Болотников рассказал про себя правду. Много про Венецию сообщил он. Князь охоч был узнать про иноземщину. Все спрашивал, как там живут и что делают.

Иван мысленно преобразился в Джованни. Полетели, как чайки, птицы белые, картины прошлого перед изумленным князем…

– Много и там нищеты, жестокосердия, – продолжал рассказывать Болотников. – Грязи да крови уйма. И там богачи народ жмут!

Болотников заговорил об искусстве итальянском, об эпохе Возрождения. Князь многое знал и с интересом слушал о впечатлениях своего собеседника.

– Мы же их от татаровья оградили во времена оны! – воскликнул Болотников. – Без нас татарские орды нахлынули бы на всех тех иноземцев да так помяли, что худо бы им было. Дать бы нам только срок, князь, да покой от недругов… Не угнаться бы им тогда за шагами семиверстными русских богатырей, – продолжал он взволнованно, сверкая глазами. – Придут времена, когда Русь народам путь жизни укажет!

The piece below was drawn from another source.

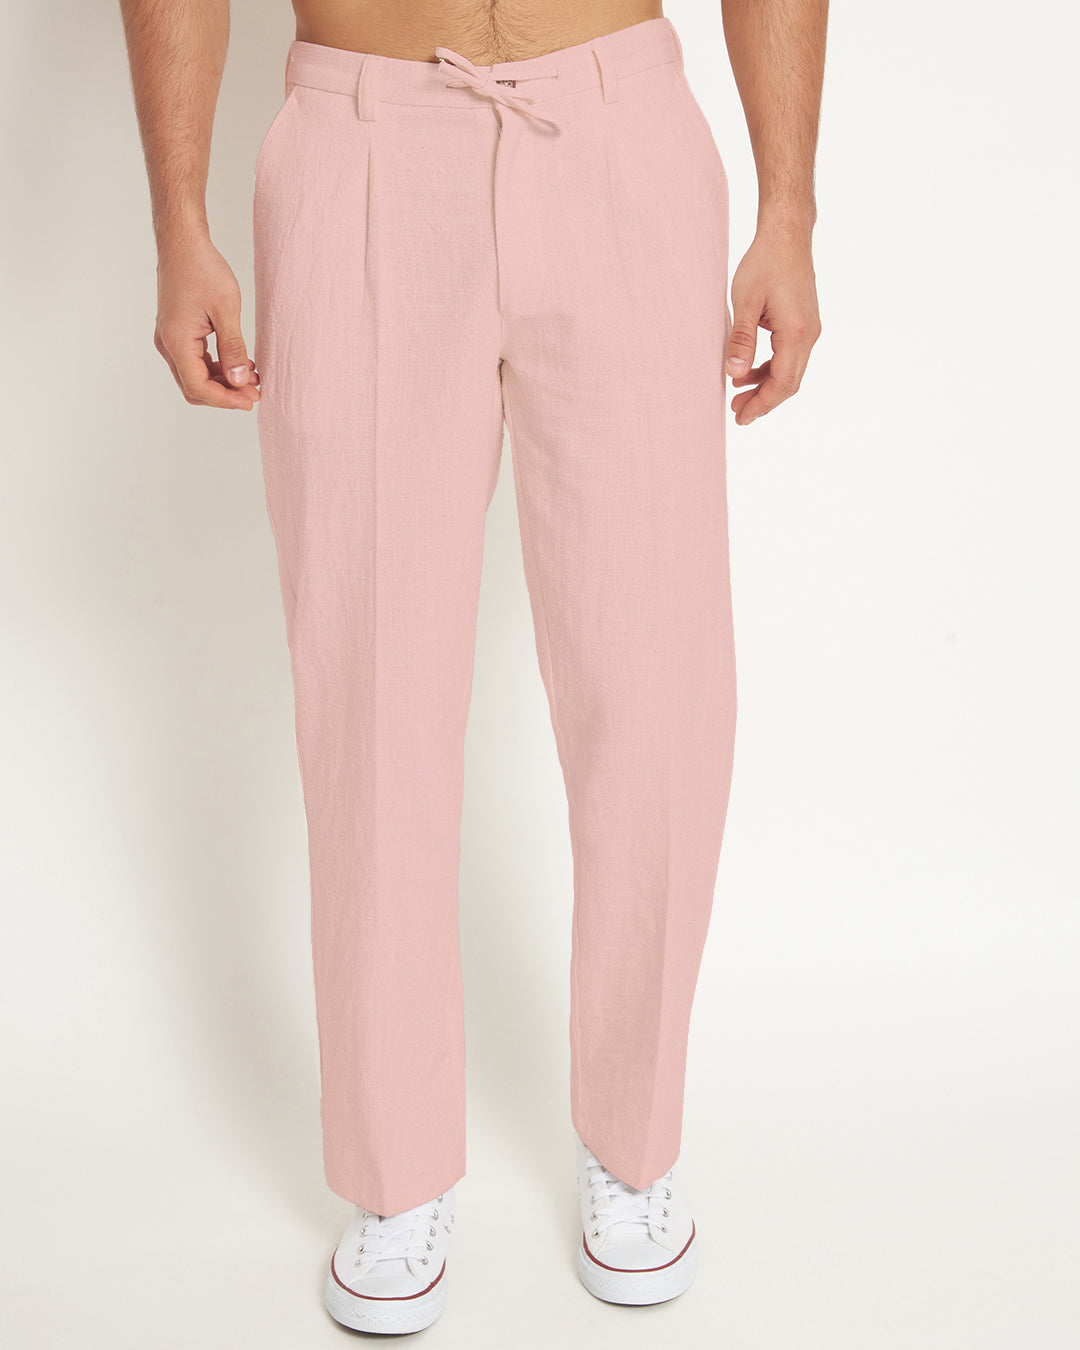 Combo: Casual Ease Beige & Fondant Pink Men's Pants - Set of 2

Шаховской кивал согласно головой.

– Куда как много богатств на Руси, – заметил он. – Поднять их надо. Да не лежебокам-вотчинникам сие под стать. Сила надобна молодая. Чел я летописцев наших сказания. И рудознатцы у нас великие бывали, муроли, розмыслы, литейных дел мастера, лекари… Чего греха таить, наши князья да бояре в ссорах своих да в крови многое потопили… Ну и притом иго татарское… Царь Иван Васильевич сколь много создавал. Печатный двор поставил. А наш пушечный двор на Неглинной реке в Москве погляди, ни у немцев, ни у свеев, ни у фряжин такого не сыщешь. А ныне снова князья да бояре назад Русь ведут, как в оны времена князья-удельщики ее губили. Эх, да что толковать, Исаич, что баять! Как подумаешь-погадаешь, сколь могуча земля наша да сколь много нового Руси надо, голова окрест пойдет. А воззришь на неповоротов да лежебоков брадатых, наших бояр, тошно станет! И высказать добро о новшествах, кои потребны нам, не моги, особливо при боярстве именитом. По их разуменью – стоит земля на трех китах, и ладно, и не моги думать инако.

Шаховской, воодушевясь, вскочил и стоя продолжал:

– Про филозофы эллински тебе ведомо? Чел я книгу греческую, так в ней толкуется, что во всем перемена жизни есть. Все, дескать, меняется. «Панта реи», глаголет тот филозоф, «все течет» значит по-греческому. Гераклит – имя того филозофа. Боле чем за пять сотен лет до Христова времени жил. И истины переменчивы. Сегодня одна, а позже уже иная. А наши уперлись в стену – и ни шагу. Почни я им так сказывать, как тебе, – завопят: еретик, чернокнижник, сосуд дьявольский… Дурни, дурни несусветны! – воскликнул разгорячившийся князь.

Молодостью блистали из-под косматых бровей глаза его, и как-то ближе стал он Болотникову, который задушевно ответил:

– Эх, Григорий Петрович, хоть бы и стояла земля наша на трех китах, да, видно, взбесились те киты, шатается Русь. Замутилось все у нас. А мыслю я, что это к добру. Чаять будем, что придет время радости. Не мы, так потомки наши добудут ее. И будет она, радость всенародная! Хоть не скоро, а сбудется сие беспременно! А что касаемо истины, то я мыслю так: есть она, истина, а только надо к ней путь найти, познать ее. Истина есть, да не всегда ведает ее человек.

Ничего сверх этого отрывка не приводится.